▶ Task instructions: Any picture in the material should be left out, while all other lines are copied exactly.

▶ Given data:
══════
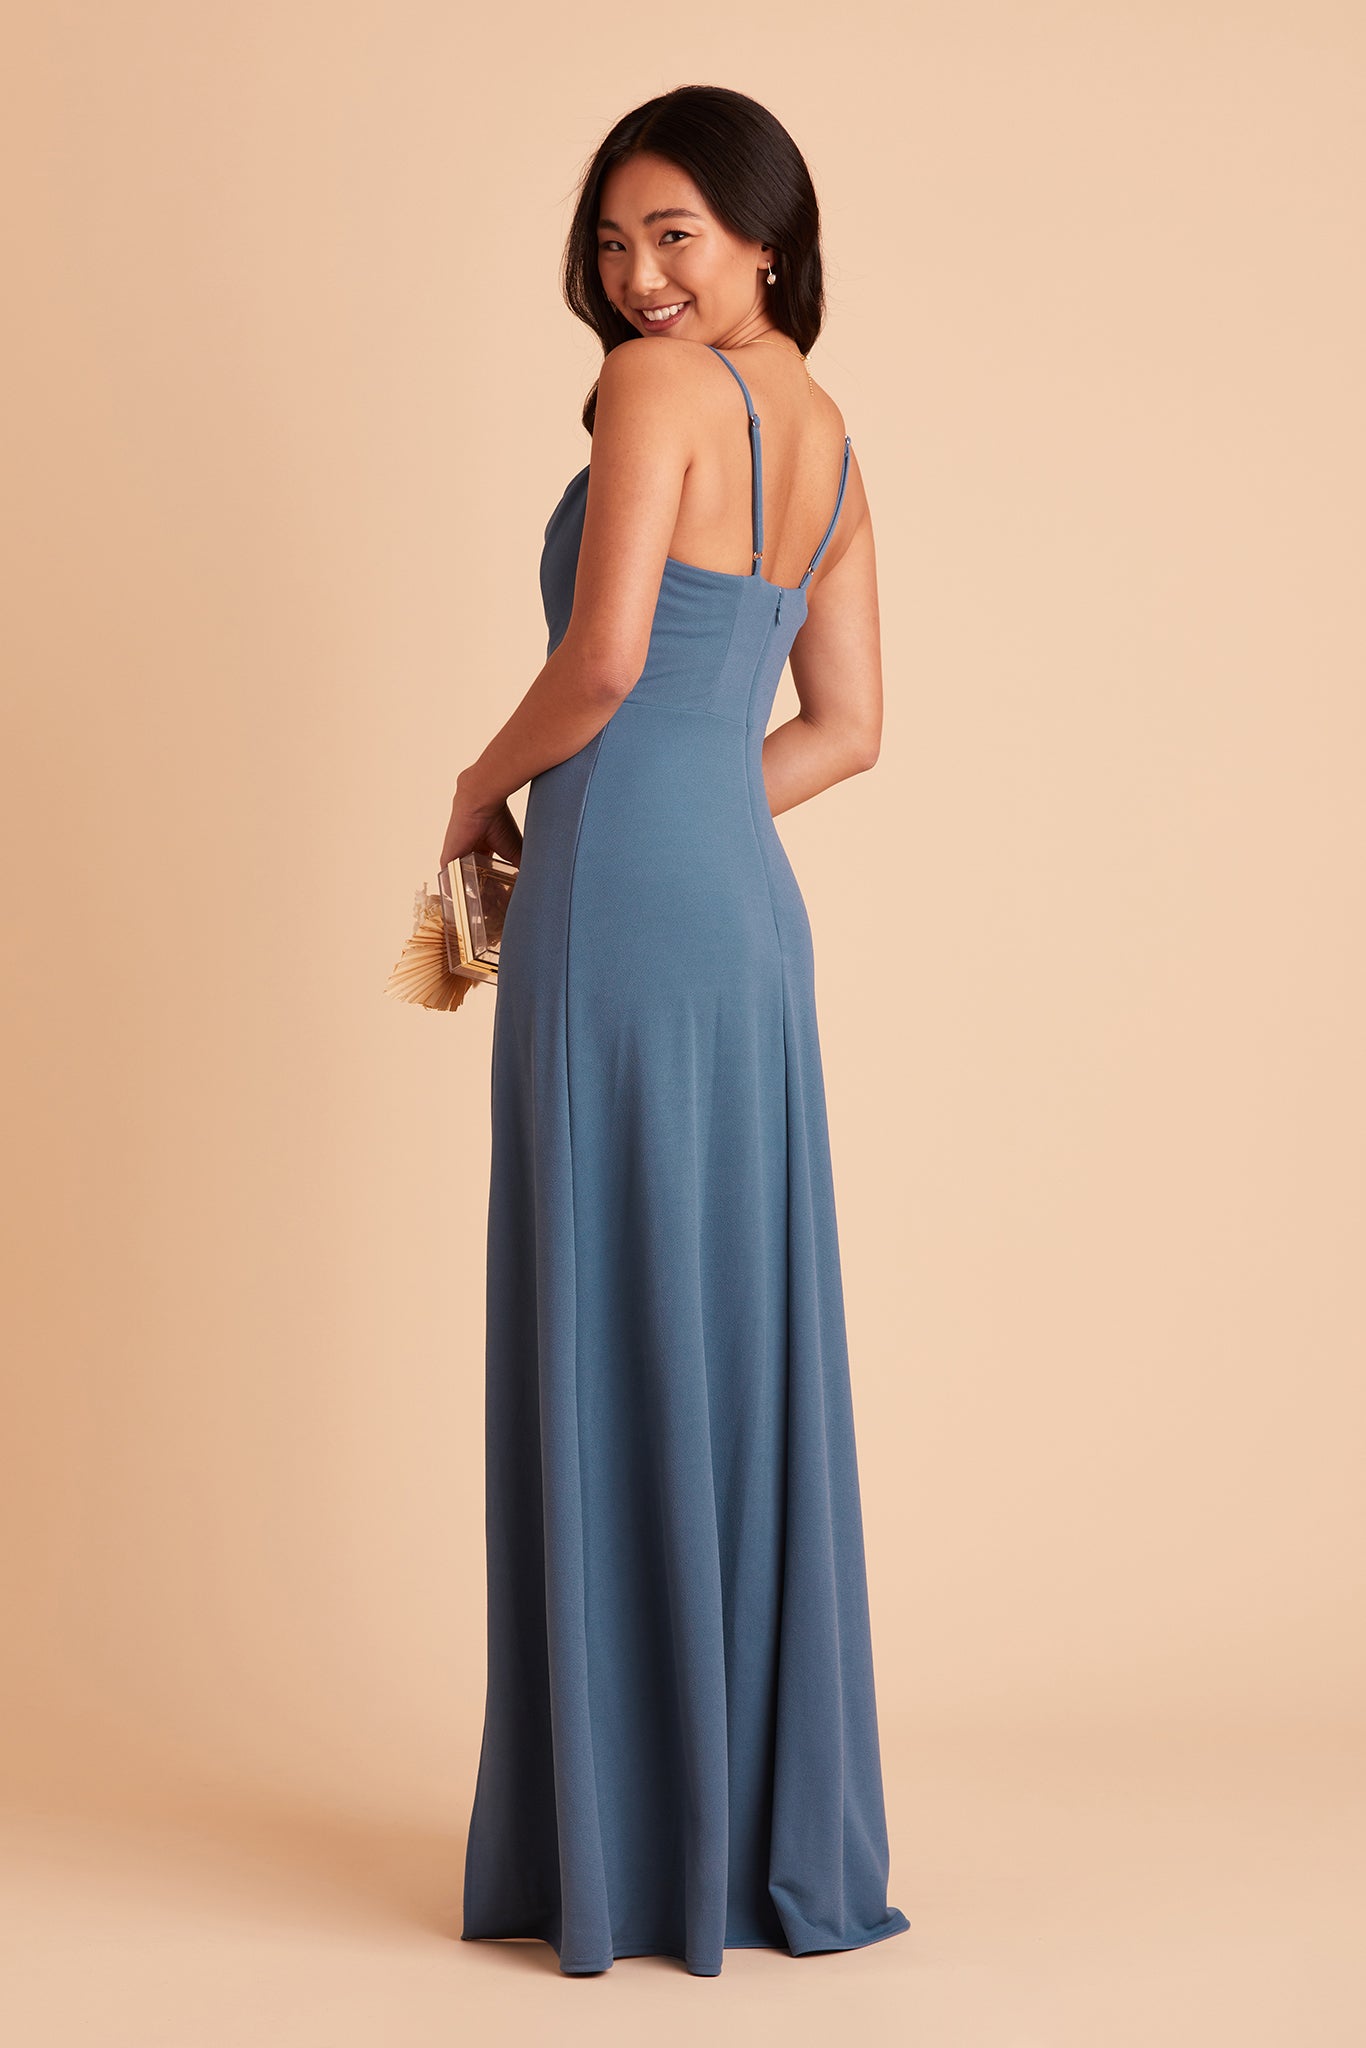 Ash bridesmaid dress in twilight blue crepe by Birdy Grey, side view
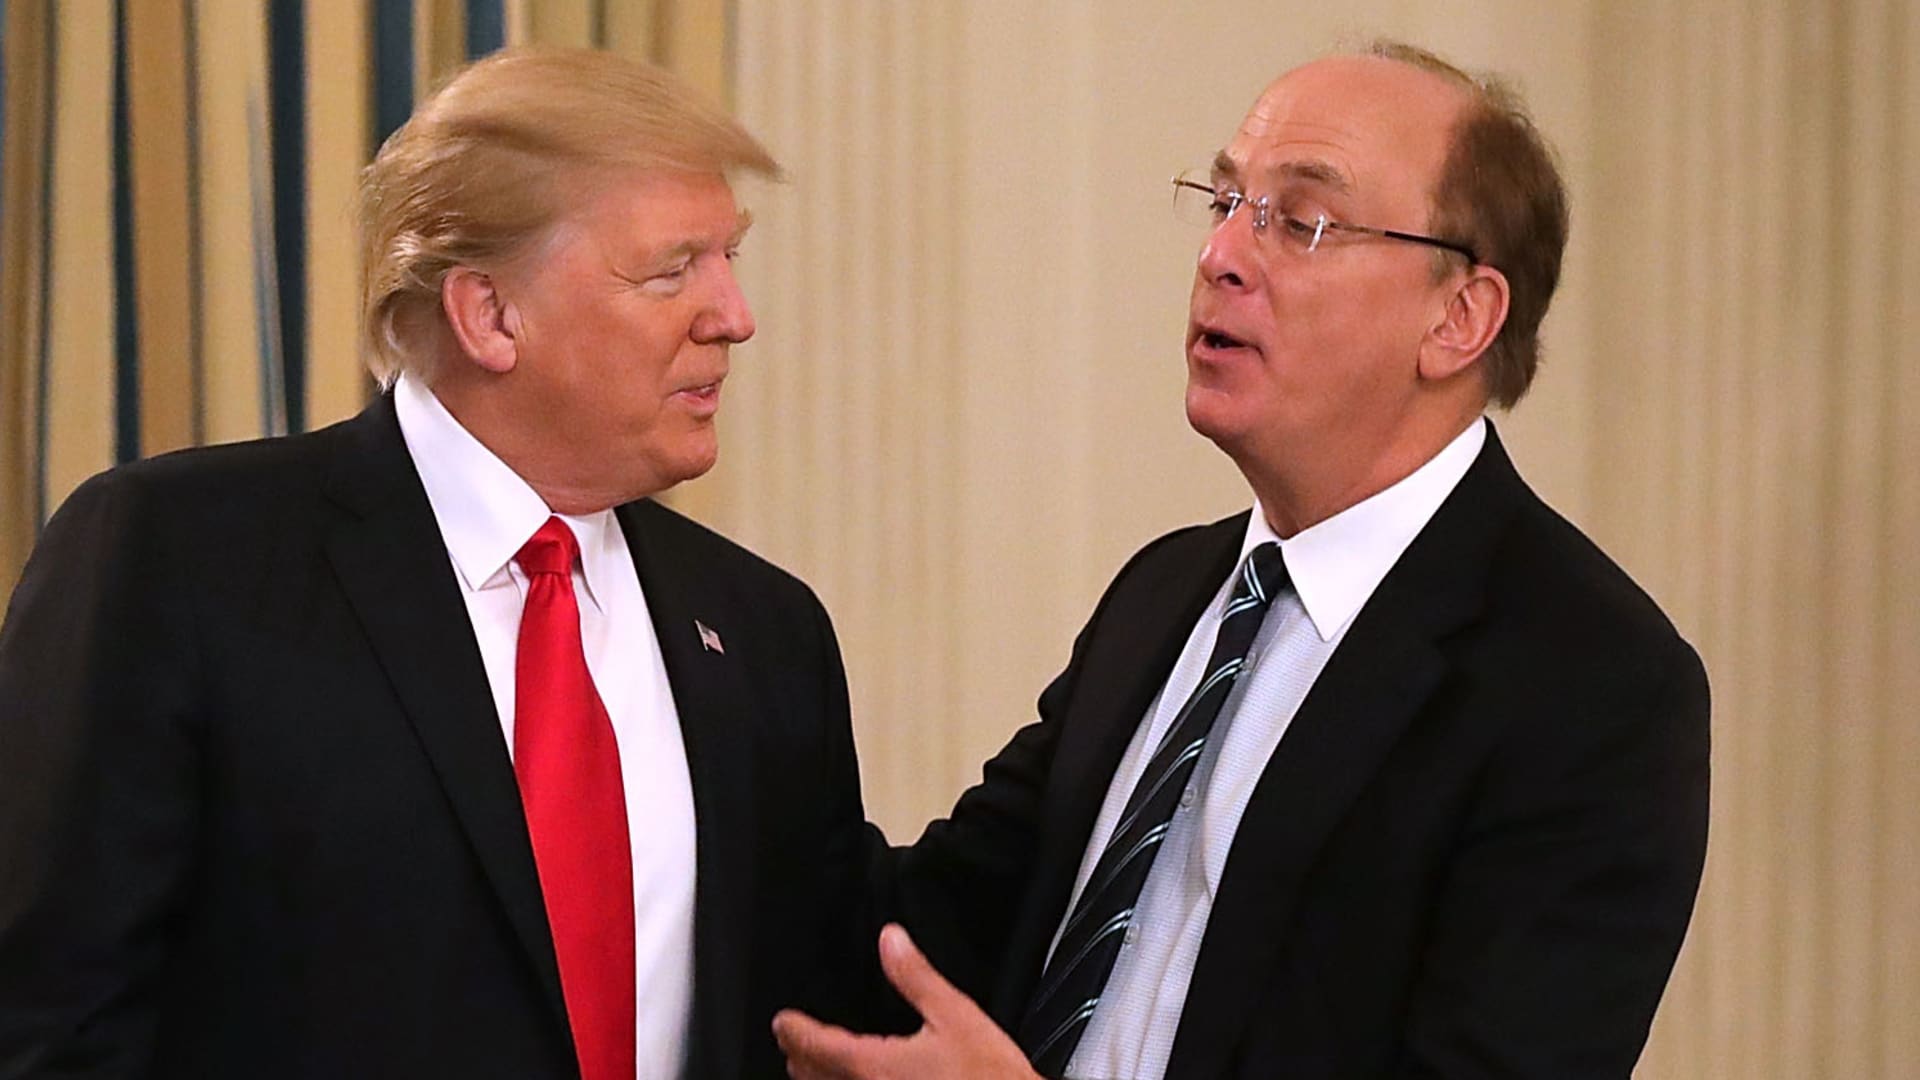 File: President Donald Trump (C) greets BlackRock CEO Larry Fink at the beginning of a policy forum in the State Dining Room at the White House February 3, 2017 in Washington, DC.
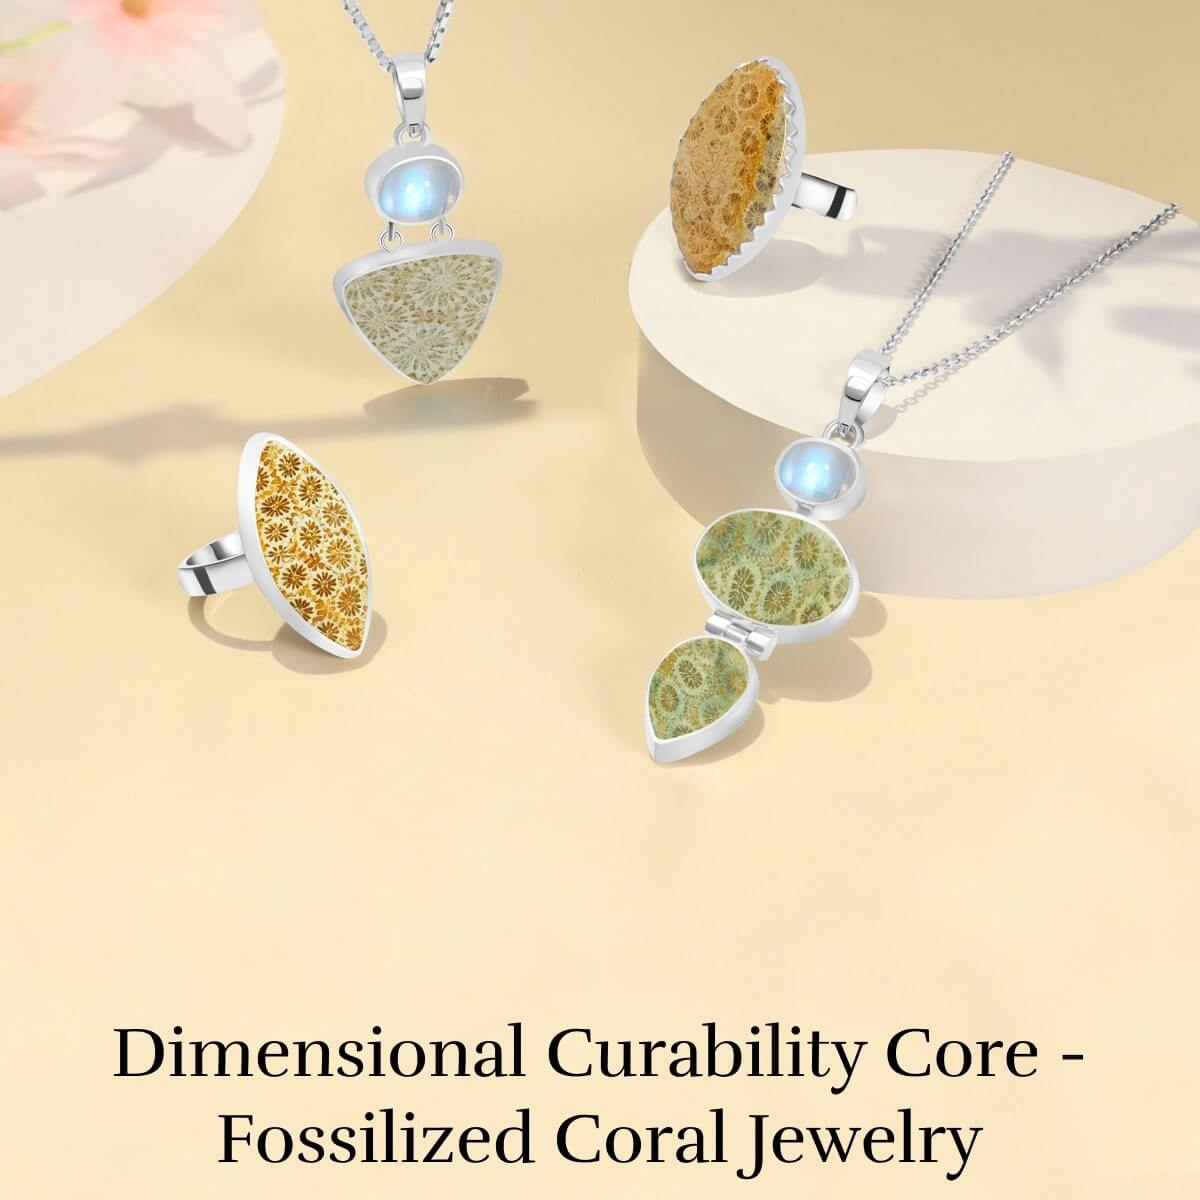 Fossilized Coral Jewelry
══════
▶ Task solution:
 Ash bridesmaid dress in twilight blue crepe by Birdy Grey, side view
 File: President Donald Trump (C) greets BlackRock CEO Larry Fink at the beginning of a policy forum in the State Dining Room at the White House February 3, 2017 in Washington, DC.
 Fossilized Coral Jewelry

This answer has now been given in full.